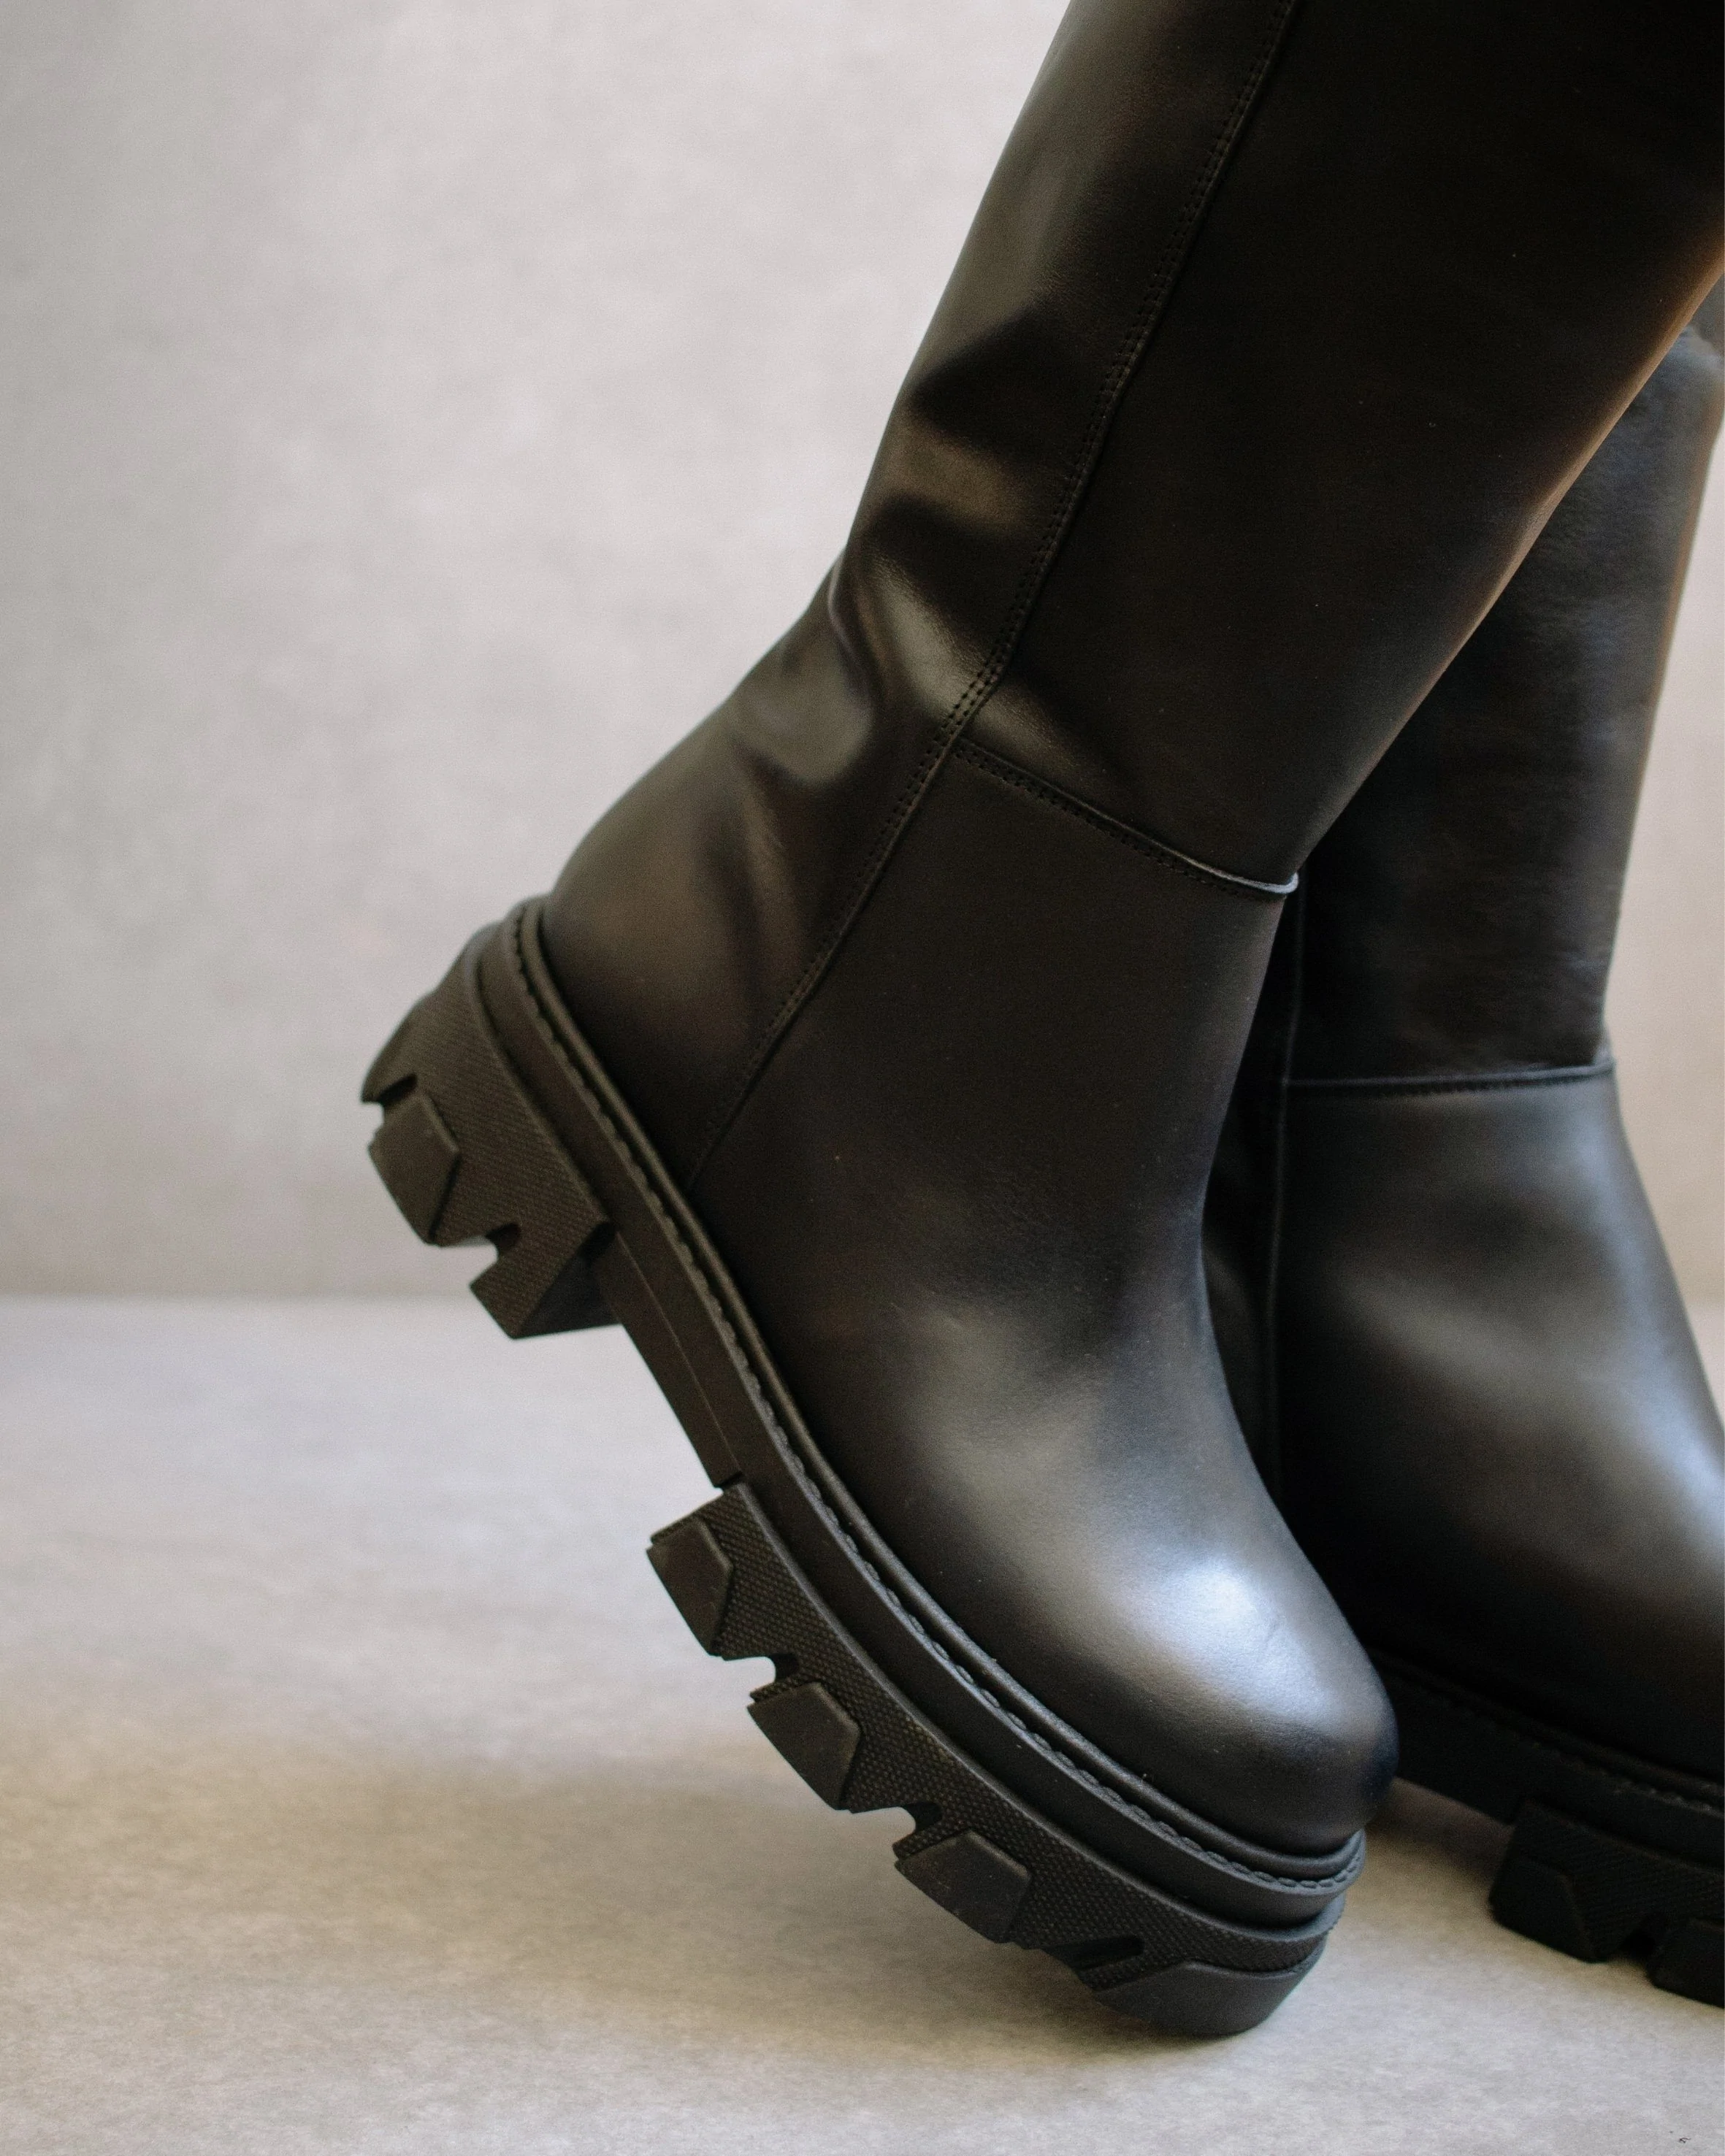 Product Image for Katiuska Leather High Boot, Black
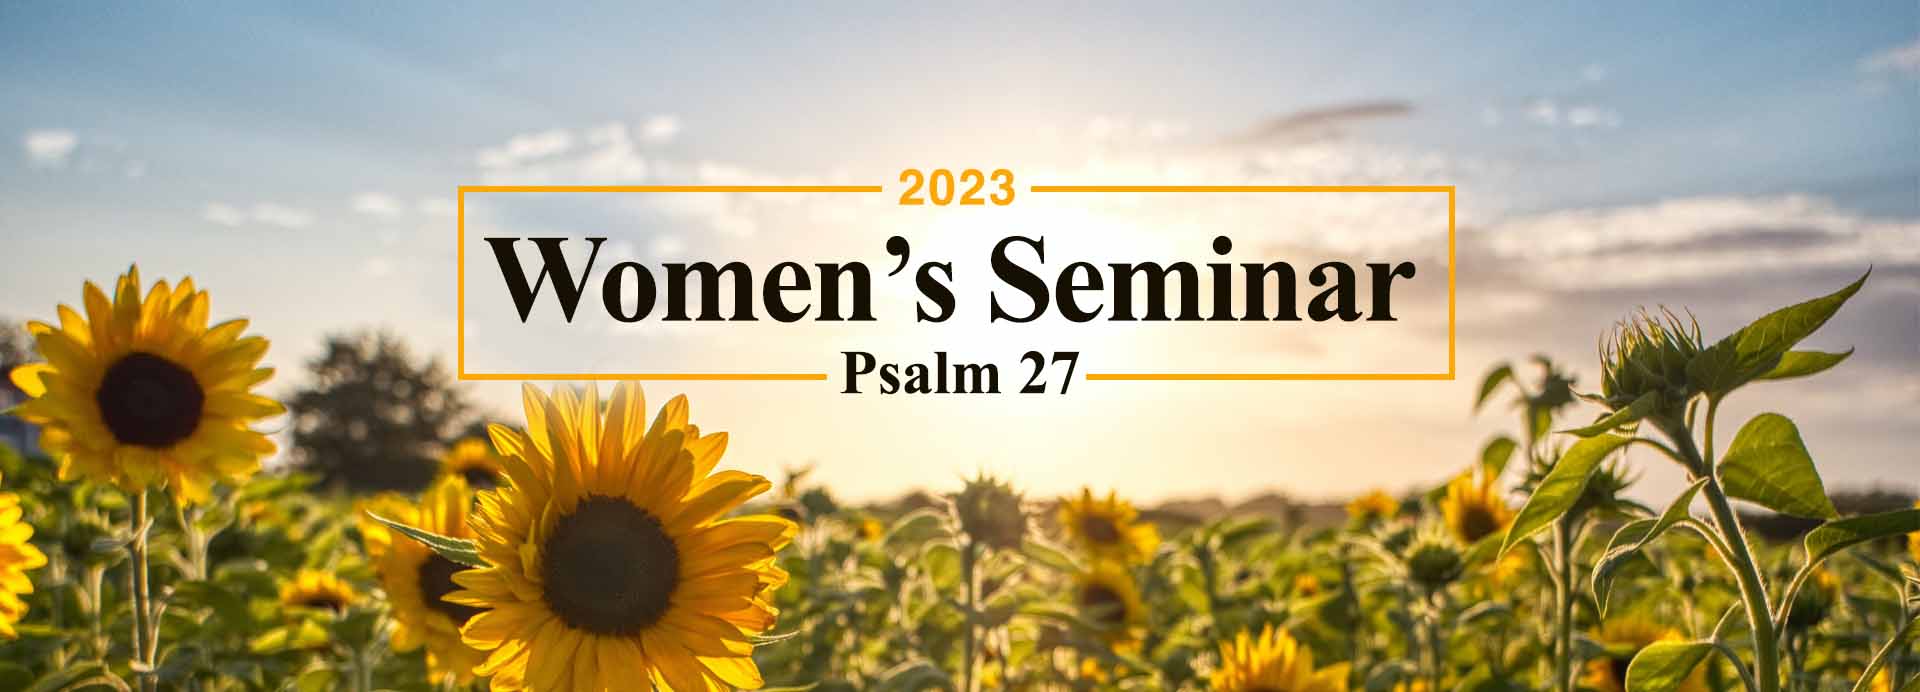 Women's Seminar 2023
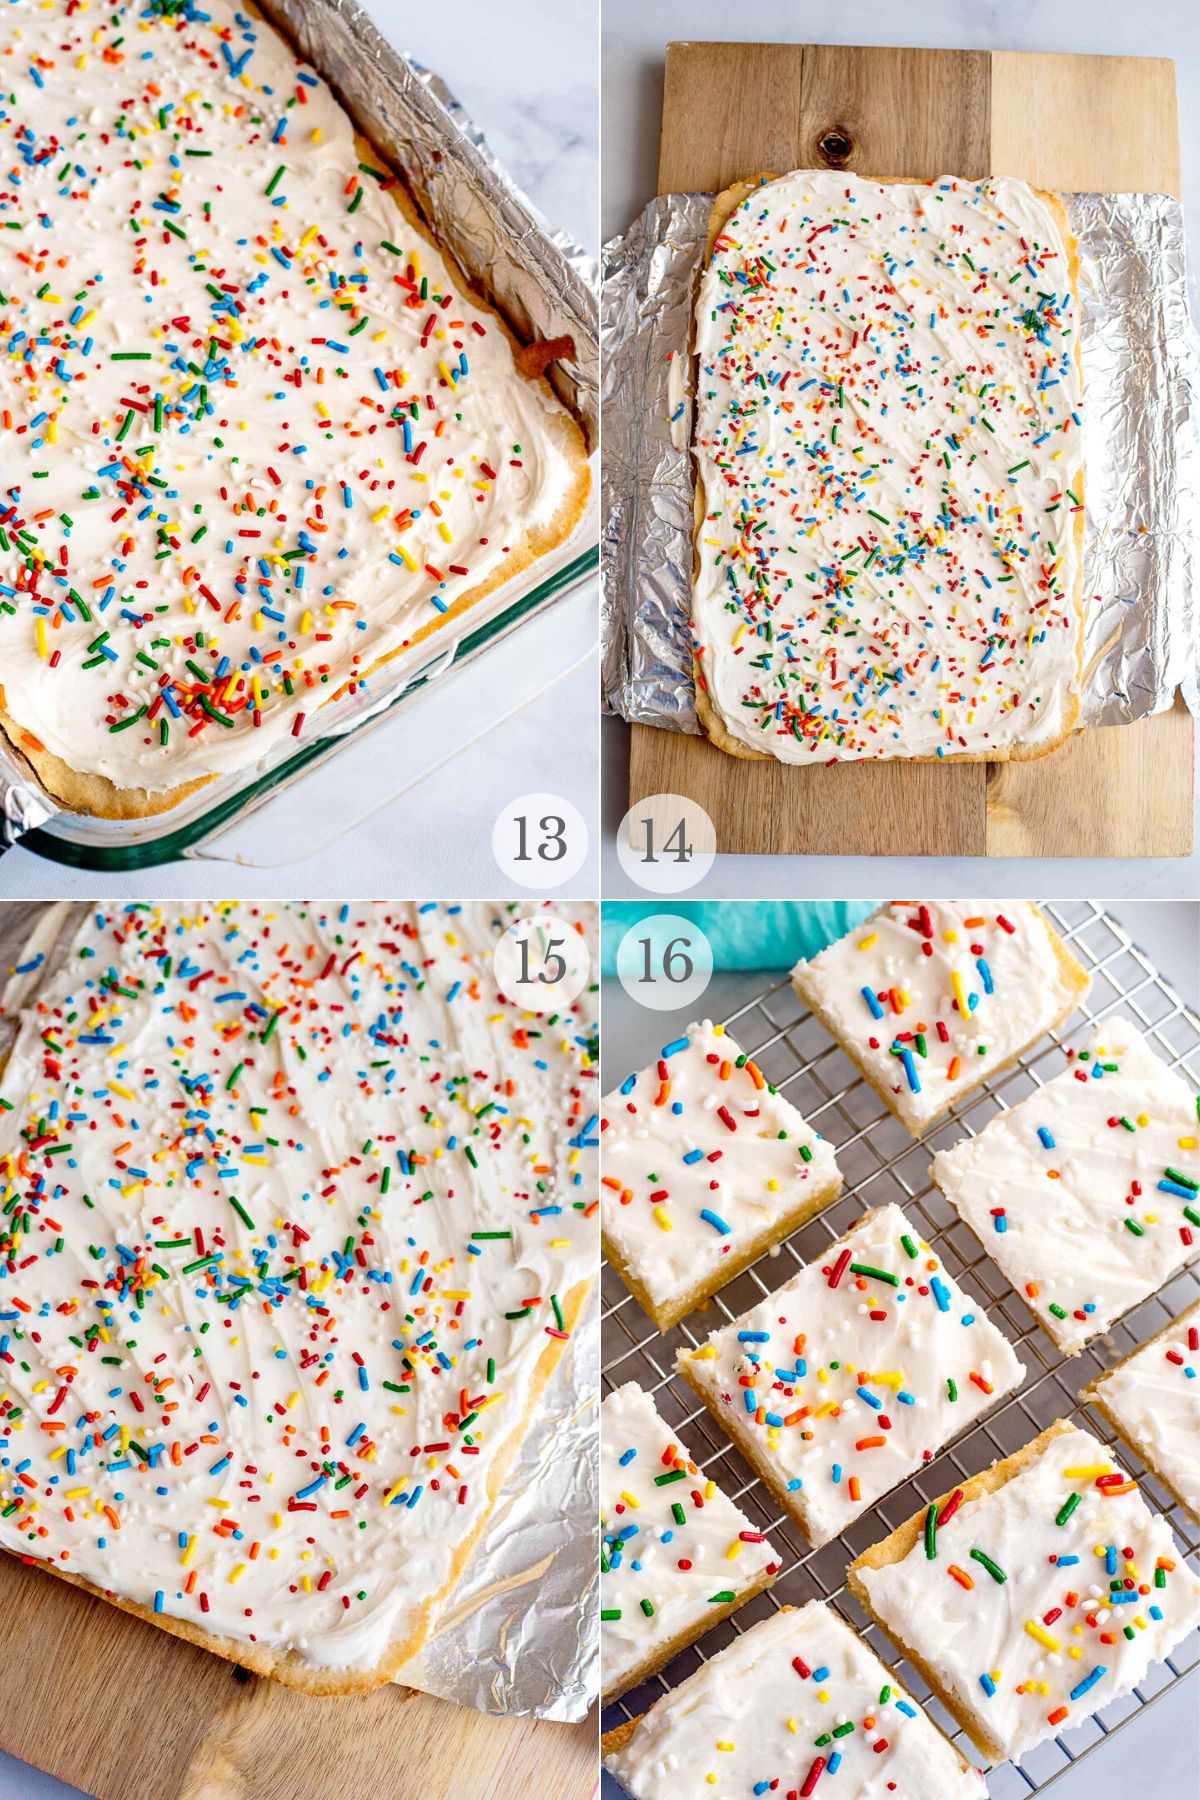 sugar cookie bars recipe steps 13-16.
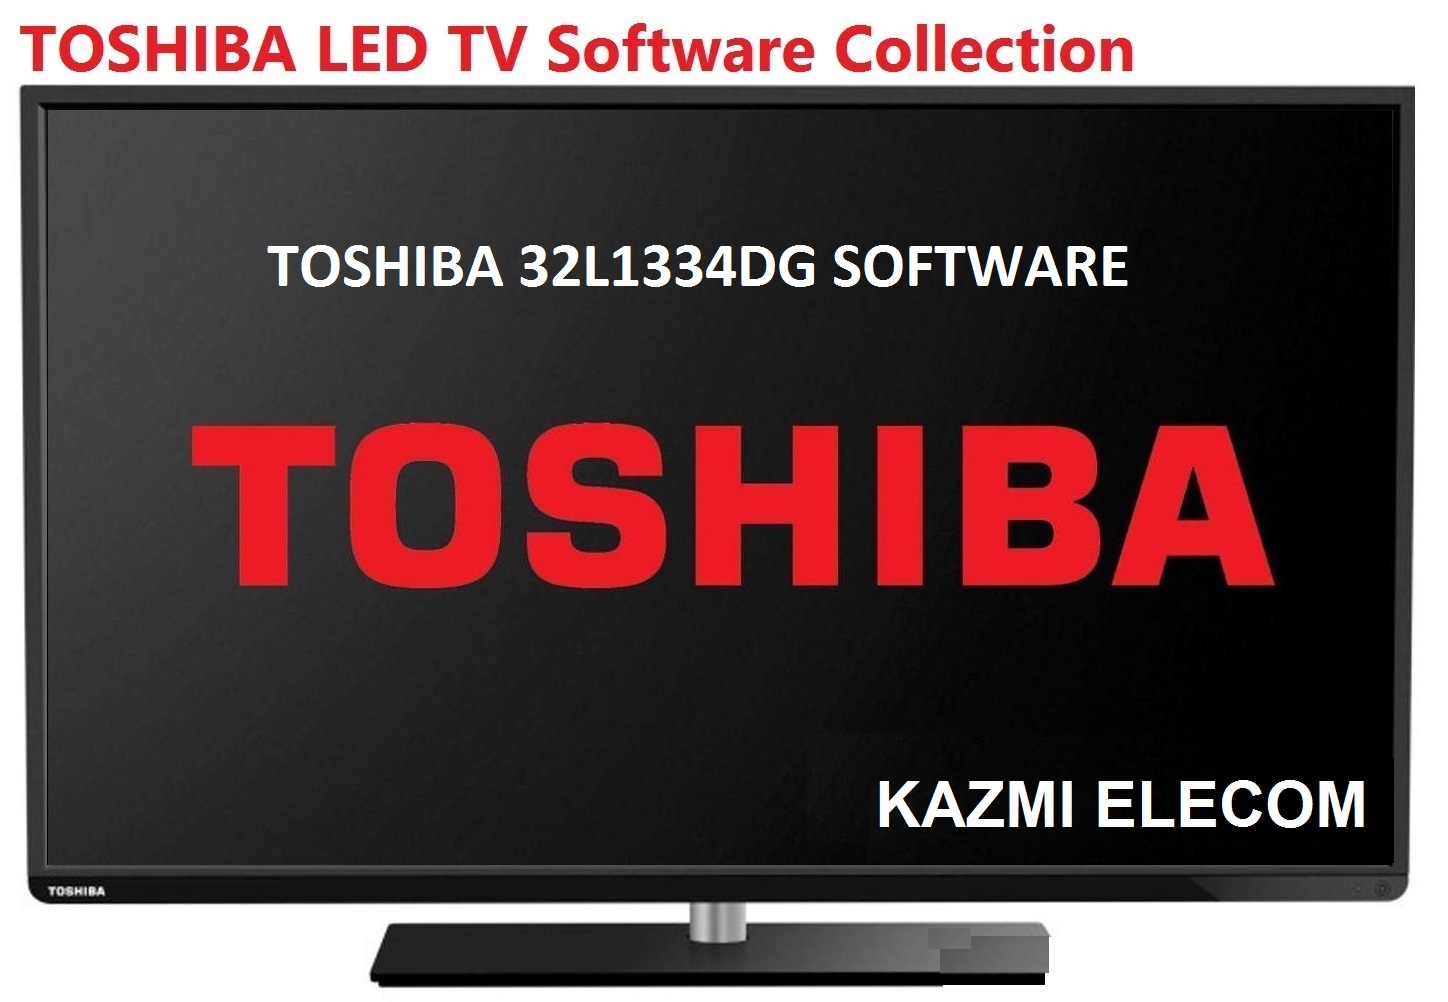 Toshiba 32L1334Dg
= = = = = = =
■ Exercise brief ■
Quote exactly the lines from the one that contains "sugar cookie bars recipe steps 13-16." through the end of the listing above, both ends included, leaving out the pictures.

■ Answer for this exercise ■
 sugar cookie bars recipe steps 13-16.
 Toshiba 32L1334Dg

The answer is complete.